2. Business Context:¶

2.1 Business Problem:¶


In e-commerce, revenue loss is not caused solely by low demand or poor sales performance. A significant portion of lost revenue originates from orders that were successfully placed but never fulfilled due to cancellations.

Each cancelled order represents:

  1. Lost revenue that was expected but never realized
  2. Wasted logistics and operational effort (inventory handling, processing)
  3. Poor customer experience, which can reduce trust
  4. Potential long-term customer churn

Importantly, not all cancellations have the same business impact. Cancellations in low-volume but high-value categories can be significantly more damaging than a large number of cancellations in low-priced categories.

Therefore, treating all cancellations equally may lead to misaligned priorities.

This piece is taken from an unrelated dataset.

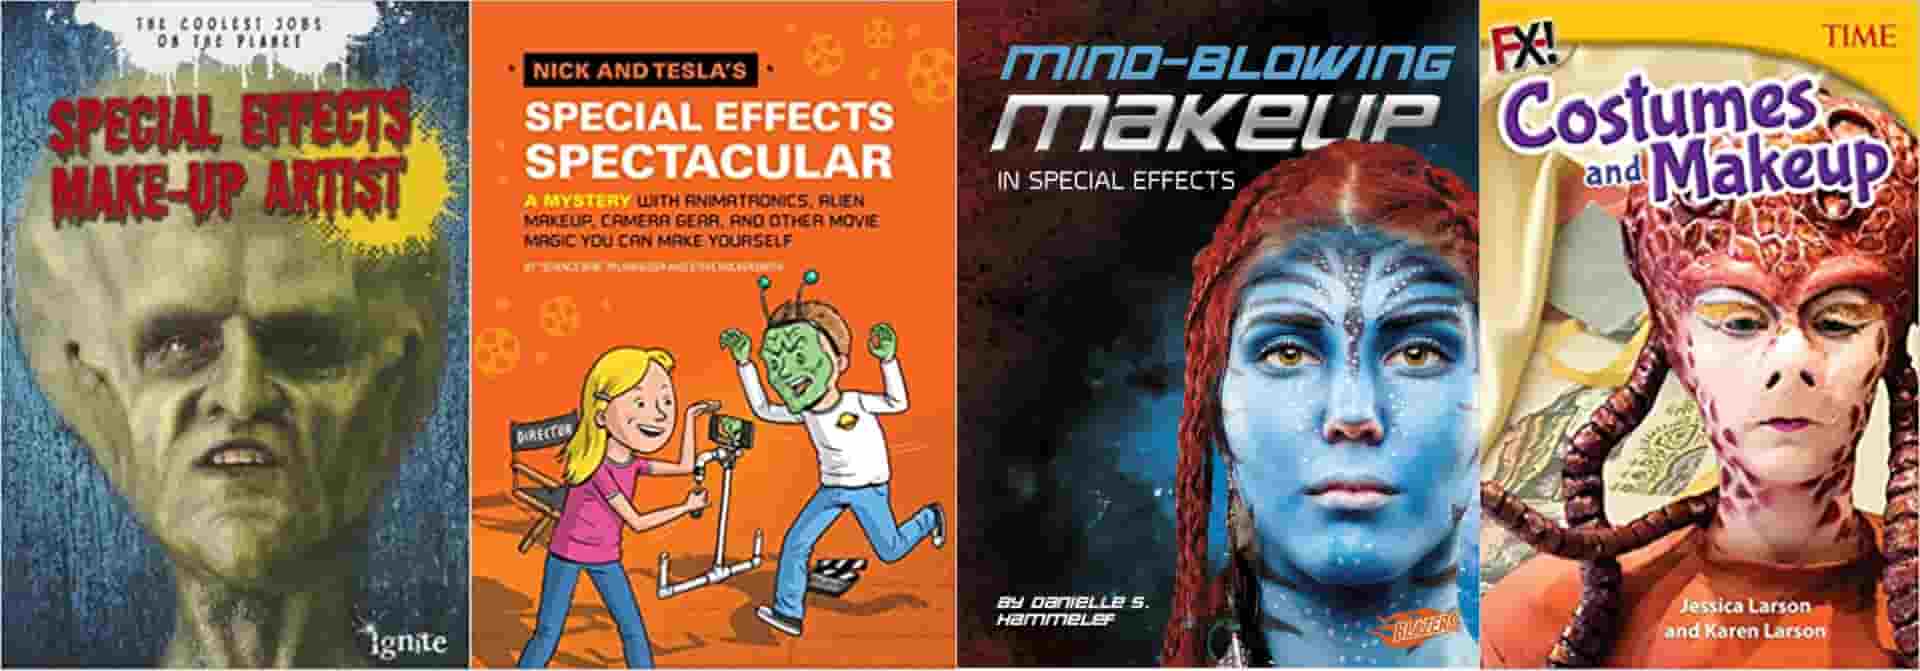 special effects books for kids sfxzone

A data-driven approach is required to identify where revenue leakage is most severe and where intervention should be prioritized.


2.2 Objective:¶


The objective of this analysis is to identify product categories that contribute most to revenue leakage by evaluating:

  1. Cancellation rates (operational reliability)
  2. Absolute revenue lost due to cancellations (financial impact)
  3. Relative revenue impact compared to other categories for prioritization

This allows the business to distinguish between:

  1. Operational inefficiencies (frequent but low-impact cancellations, cost-wise)
  2. High-risk revenue segments (infrequent but expensive cancellations)
  3. Low-priority noise that doesn't require immediate action

2.3 Hypothesis:¶


Before conducting the analysis, the following hypothesis are formulated:

Hypothesis 1: High-priced or logistics-heavy categories will show disproportionately high revenue loss, even if cancellation volume is low.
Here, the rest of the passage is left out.